- Flight 94, a Boeing 777, took off from New York City’s JFK Airport at 7:28 p.m., less than 45 minutes later, an Alert 2 emergency was declared.
American Airlines passengers were stranded in Boston after their flight to Spain was canceled overnight due to a broken windshield in the cabin.
Flight 94, a Boeing 777, took off from New York City’s JFK Airport at 7:28 p.m., less than two hours into the trip, and an Alert 2 emergency was declared, according to Massachusetts State Police.
The Federal Aviation Administration says an Alert 2 indicates that the flight is experiencing “significant difficulties” or that “a difficult or forced landing may be expected.”
At that time, the plane was 400 kilometers off the coast of Massachusetts on the Atlantic Ocean. This is just the latest headache for beleaguered Boeing.
The AA flight landed at 10:14 pm at Logan International Airport safely and arrived at the gate without assistance. In a statement, the airline said the diversion was due to a “maintenance issue.”
The plane in question was a Boeing 737, similar to the one shown here, and it was 250 miles over the Atlantic Ocean when the emergency was declared.
This illustrates how far along the passengers were on their journey before the crew opted to turn back.
The plane was immediately taken over by an American Airlines crew who began an inspection. Video posted from the airport showed hundreds of frustrated passengers lining up to receive hotel vouchers. They will leave for Madrid on Thursday at 8:00 am.

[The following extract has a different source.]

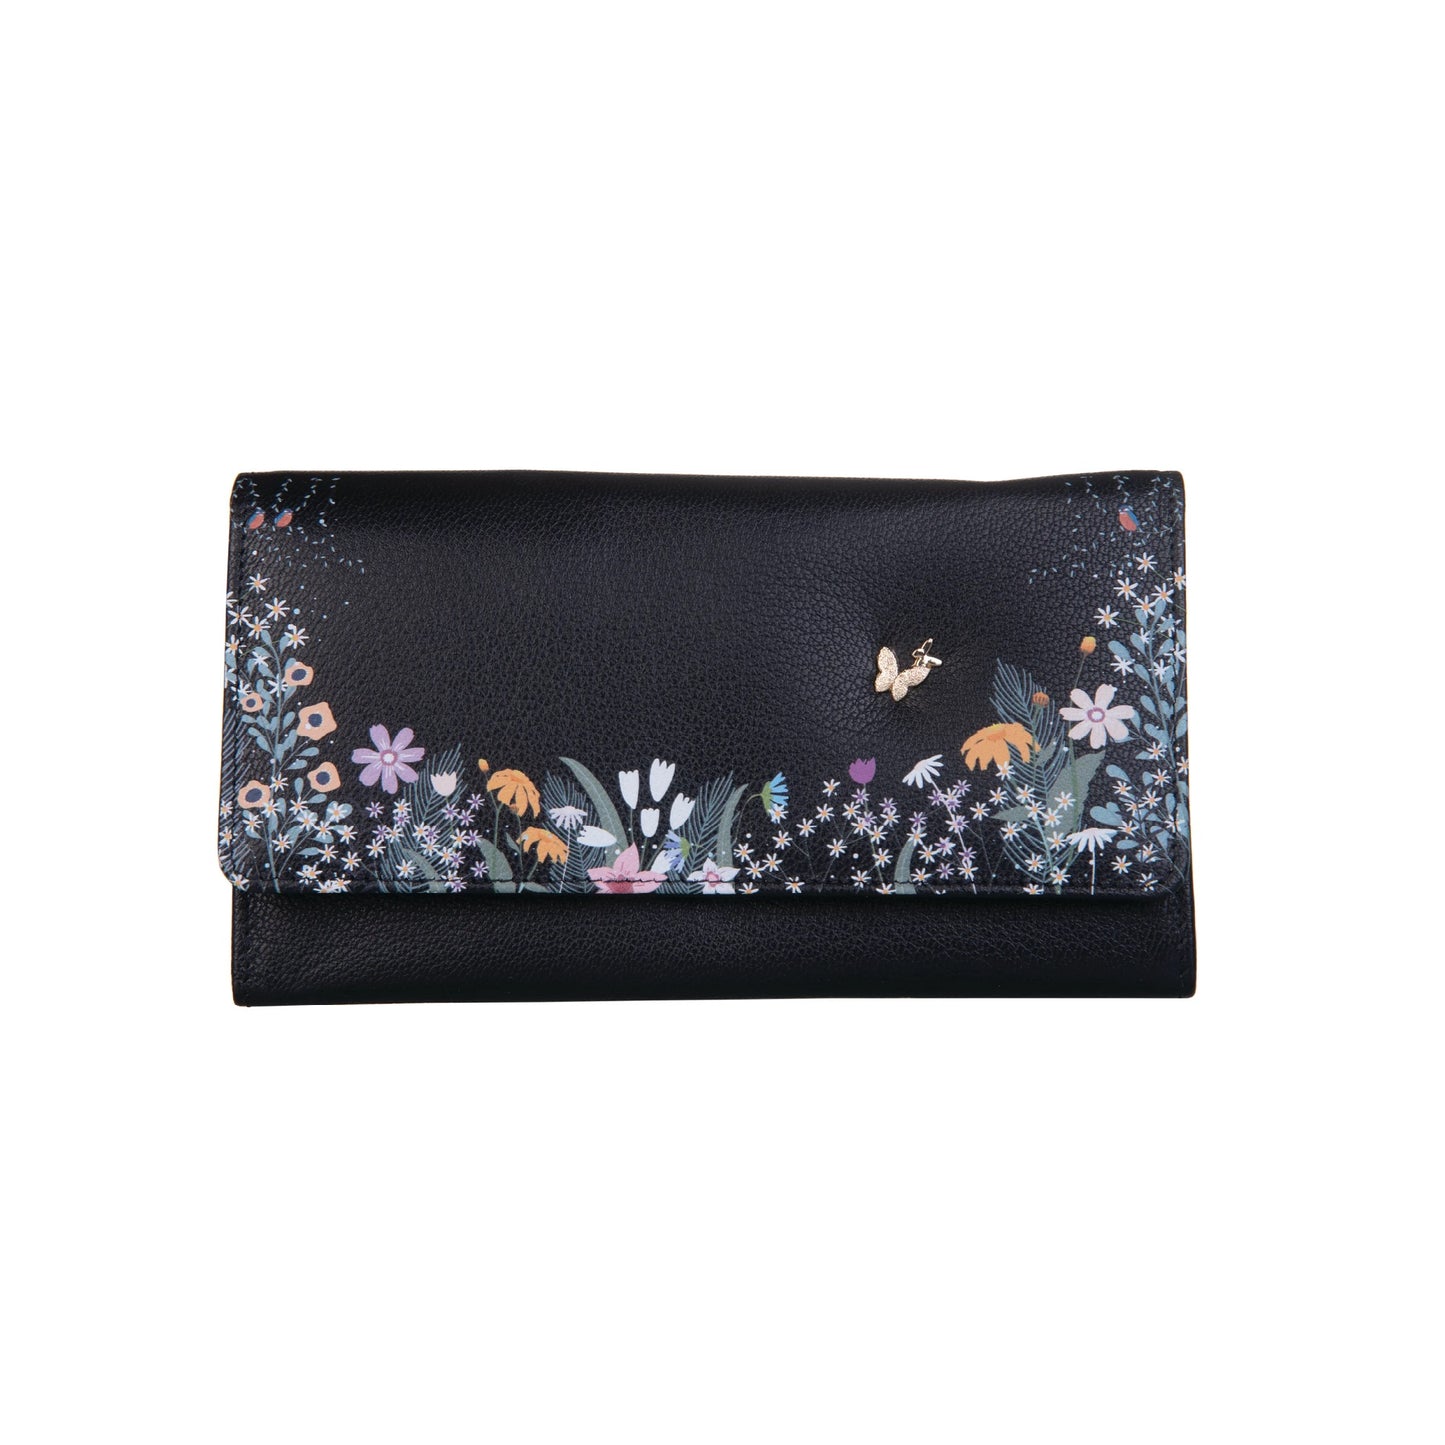 Shiloh Matinee Wallet Leather - Black

‘The flight landed safely and the aircraft was taken out of service to be inspected by our maintenance team. Customers will leave again tomorrow for (Madrid) on a replacement plane. “We never want to disrupt our customers’ travel plans and we apologize for the inconvenience this has caused,” the airline said in a statement.

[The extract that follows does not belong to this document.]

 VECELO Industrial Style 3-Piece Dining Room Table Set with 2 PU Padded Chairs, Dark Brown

‘Safety is always at the top of our list! “Delays are never an easy decision, but sometimes they are necessary to ensure the safety of everyone on board,” American said in a separate statement on X.
On the same day as this incident, the FAA said it was giving Boeing 90 days to come up with a plan to fix quality problems and meet safety standards for building airplanes after a panel blew up a new plane. Boeing 737 Max last month.
The agency said the directive was adopted after daylong meetings Tuesday with senior Boeing officials at FAA headquarters in Washington.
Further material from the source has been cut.